Individuare la voce della porta del connettore e rimuovere il blocco server.

Prima:

ConnectionTimeout = "20000"
server = ""
rediRectPort = "8443" />

Dopo:

ConnectionTimeout = "20000"
rediRectPort = "8443" />

Salva il file e riavvia il servizio Apache Tomcat.

2 - Abilita SSL/TLS

SSL consente di servire i dati tra il server e il client tramite il protocollo HTTPS. Per utilizzare SSL in Tomcat, migliorando così la sicurezza, modifica il server.File XML e direttiva sslenabled nella porta del connettore come:

ConnectionTimeout = "20000"
SsleNabled = "true" schema = "https" keystorefile = "conf/key.JKS "keyStorePass =" Password "ClienteUT =" FALSE "SSLProtocol =" TLS "
rediRectPort = "8443" />

La voce sopra presuppone che tu abbia un keystore con un certificato SSL.

3 - Non eseguire Tomcat come root

Non eseguire mai Tomcat come utente privilegiato. Ciò consente di proteggere il sistema in caso di un servizio Tomcat compromesso.

Crea un utente per eseguire il servizio Tomcat.

sudo useradd -m -u -d /home /tomcat -s $ (quale falso) tomcat

Infine, modifica la proprietà in utente Tomcat creato.

CHOWN -R Tomcat: Tomcat /Home /Tomcat

4 - Usa il responsabile della sicurezza

È bene eseguire il server Apache Tomcat utilizzando il gestore di sicurezza. Ciò impedisce l'esecuzione di applet non attendibili nel browser.

./avviare.Sh -Security

Di seguito è riportato un output di esempio:

Per fare ciò, usa lo script Catalina con il flag -Security.
Utilizzando Catalina_Base:/Home/Debian/Apache-Tomcat-10.0.10
Utilizzando Catalina_Home:/Home/Debian/Apache-Tomcat-10.0.10
Utilizzando Catalina_Tmpdir:/Home/Debian/Apache-Tomcat-10.0.10/temp
Usando jre_home: /usr
Utilizzando ClassPath:/Home/Debian/Apache-Tomcat-10.0.10/bin/bootstrap.Jar:/Home/Debian/Apache-Tomcat-10.0.10/bin/tomcat-juli.vaso
Usando Catalina_Opts:
Utilizzo di Security Manager
Tomcat ha iniziato.

5 - Rimuovere le applicazioni indesiderate

Apache Tomcat viene fornito con applicazioni di esempio sfruttabili. La migliore misura contro questo è rimuoverli dalla directory WebApps.
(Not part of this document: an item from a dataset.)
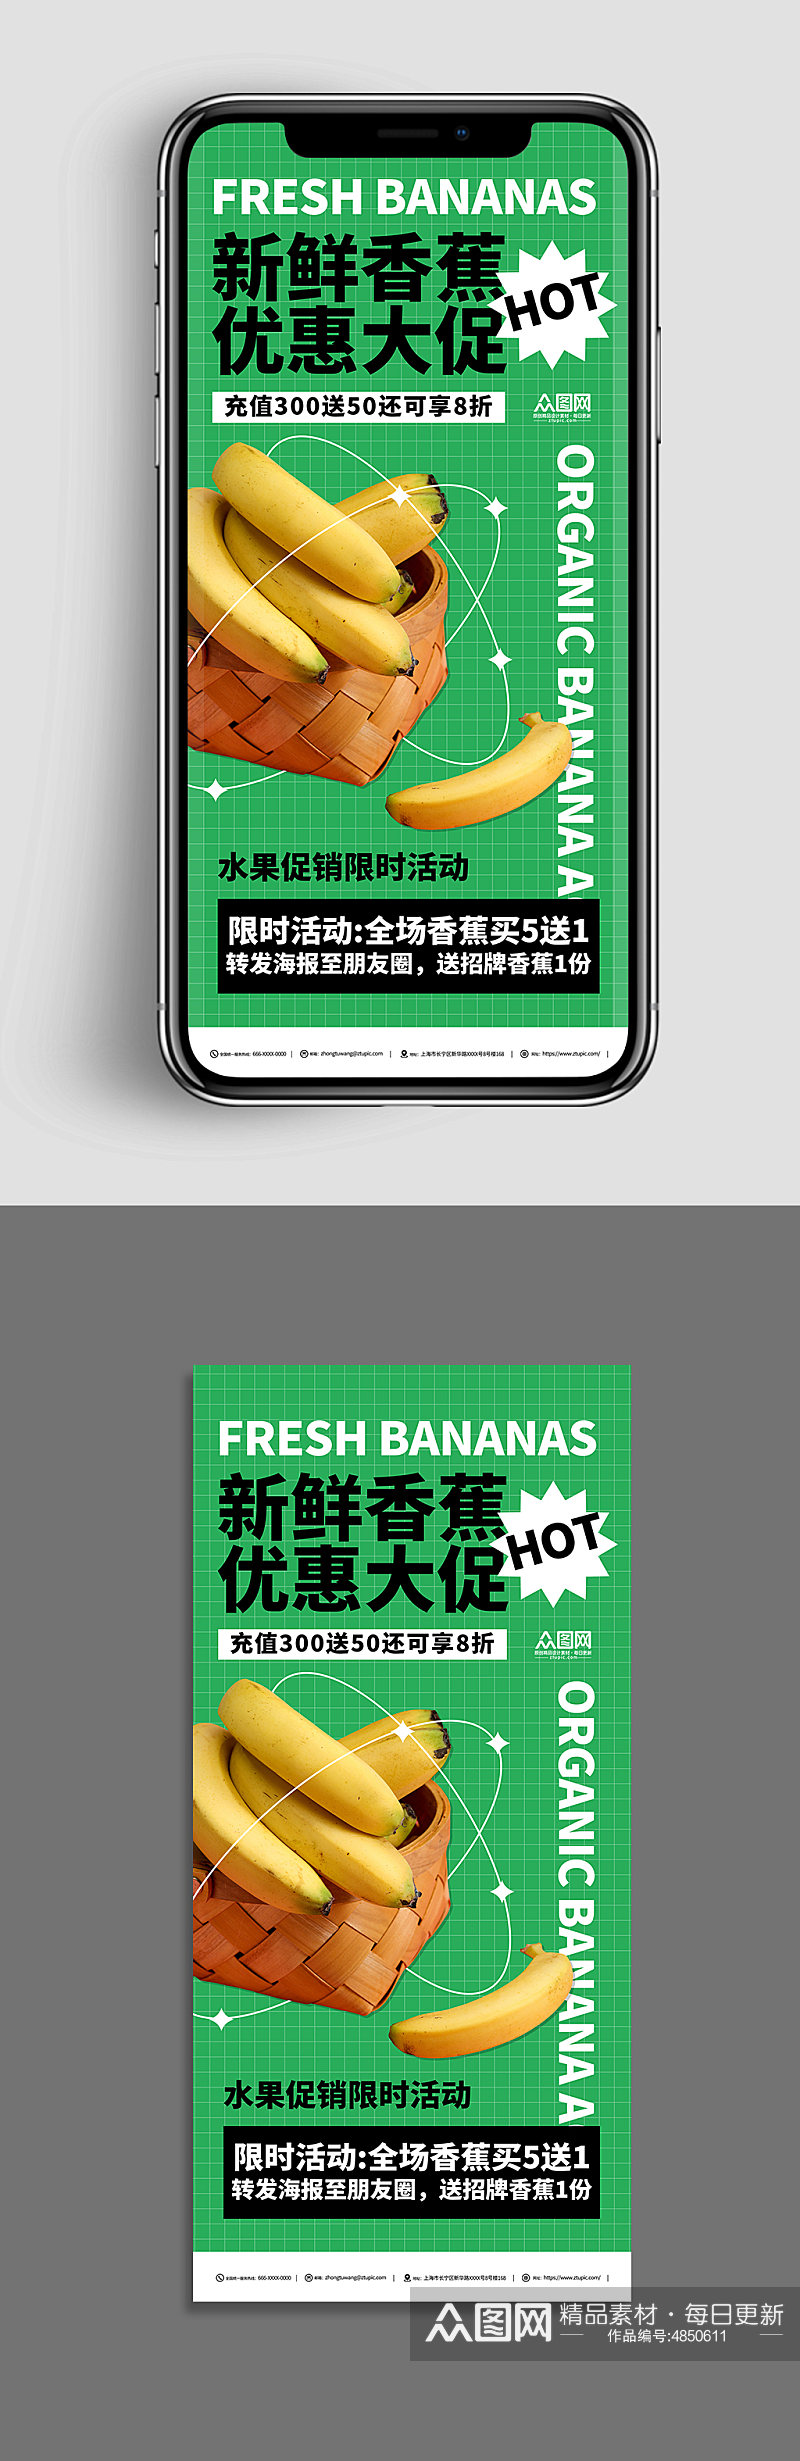 新鲜香蕉水果绿色促销海报素材
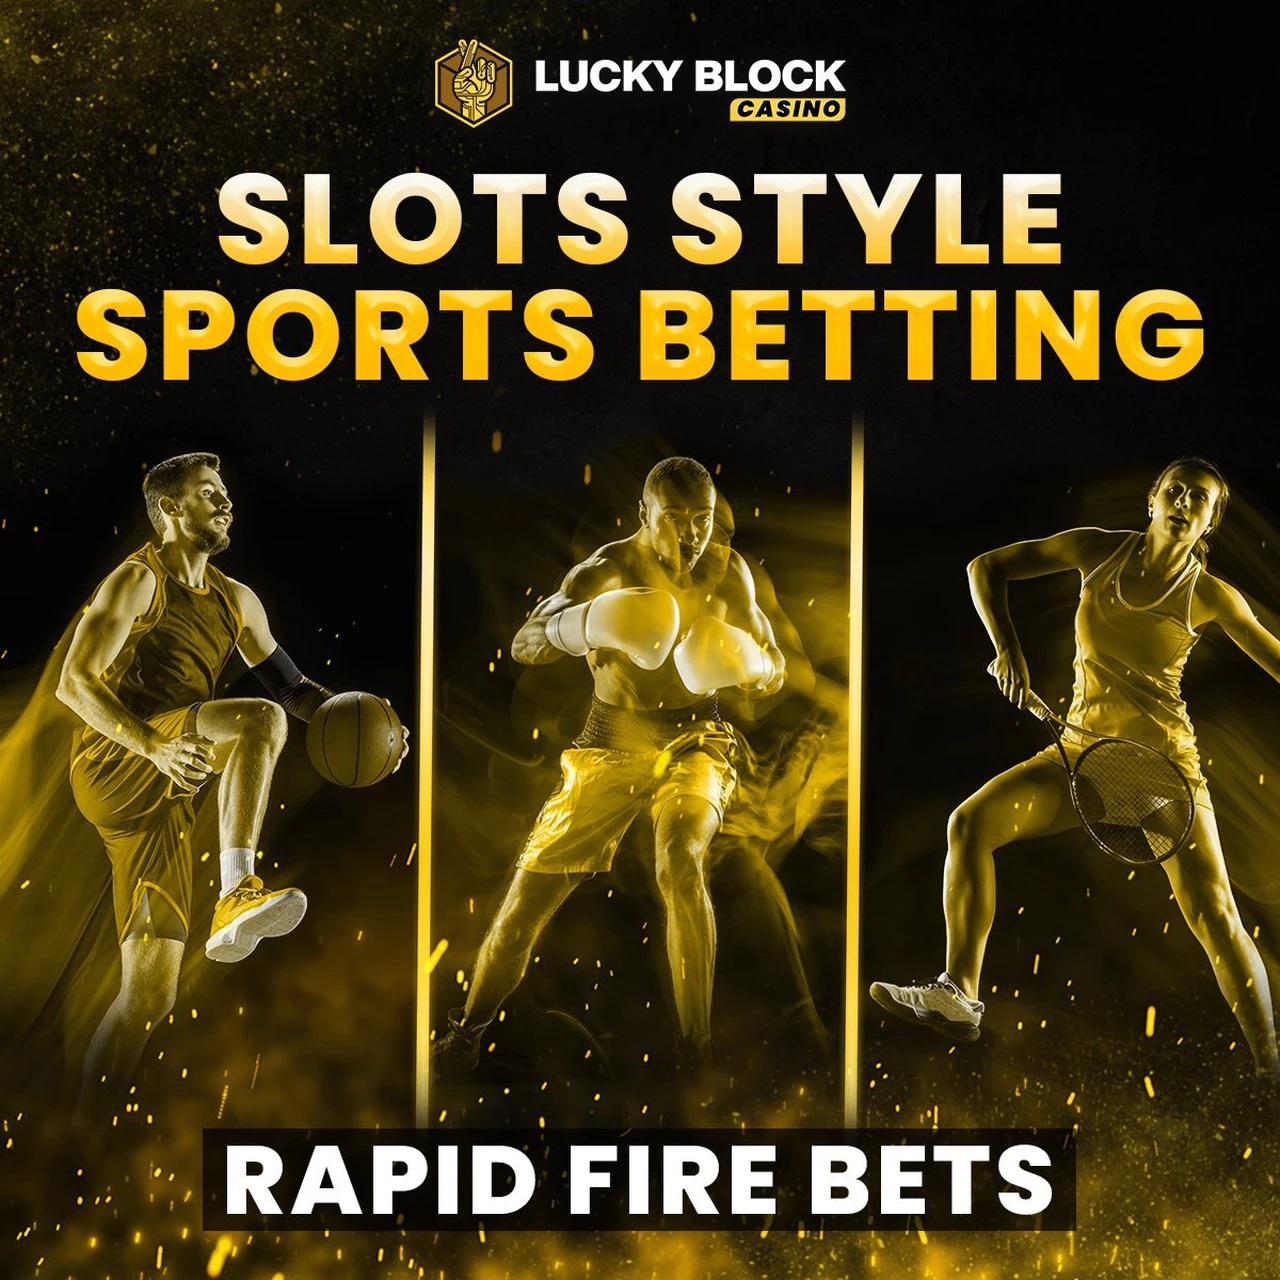 Lucky Block casino y su sistema de apuestas rápidas ha llegado para cambiar las reglas de juego

È possibile rimuovere applicazioni come:

  1. Radice: la pagina predefinita Tomcat
  2. Documenti - Documentazione Tomcat
  3. Esempi - Servlet per il test

6 - Modifica la procedura di spegnimento di Tomcat

Un altro modo per proteggere Tomcat è modificare la procedura di arresto. In questo modo può aiutare a impedire agli utenti dannosi di spegnere i servizi di Tomcat.

Tomcat può essere chiuso utilizzando la porta 8005 su Telnet e inviando il comando di spegnimento:

$ telnet localhost 8005
Provando 127.0.0.1 ..
Collegato a localhost.
Il personaggio di fuga è '^]'.
fermare
Connessione chiusa da host straniero.

Per risolvere questo problema, modifica il server.File XML e rimuovere il seguente blocco.

Se si desidera mantenere in vita il comando di spegnimento, modifica la porta e il comando predefiniti. Per esempio:

7 - Aggiungi flag Secure & Httponly

Gli aggressori possono anche manipolare i cookie e le sessioni di applicazioni installate. Per risolverlo, modifica il Web.File XML e aggiungi le seguenti voci nel blocco sessione-config.


VERO
VERO

Conclusione

Questo articolo ha delineato alcune configurazioni necessarie che puoi fare ad Apache Tomcat per aiutare ad aumentare e migliorare la sicurezza. Si prega di notare che i metodi discussi sono solo alcune delle molte misure che puoi adottare per proteggere Tomcat.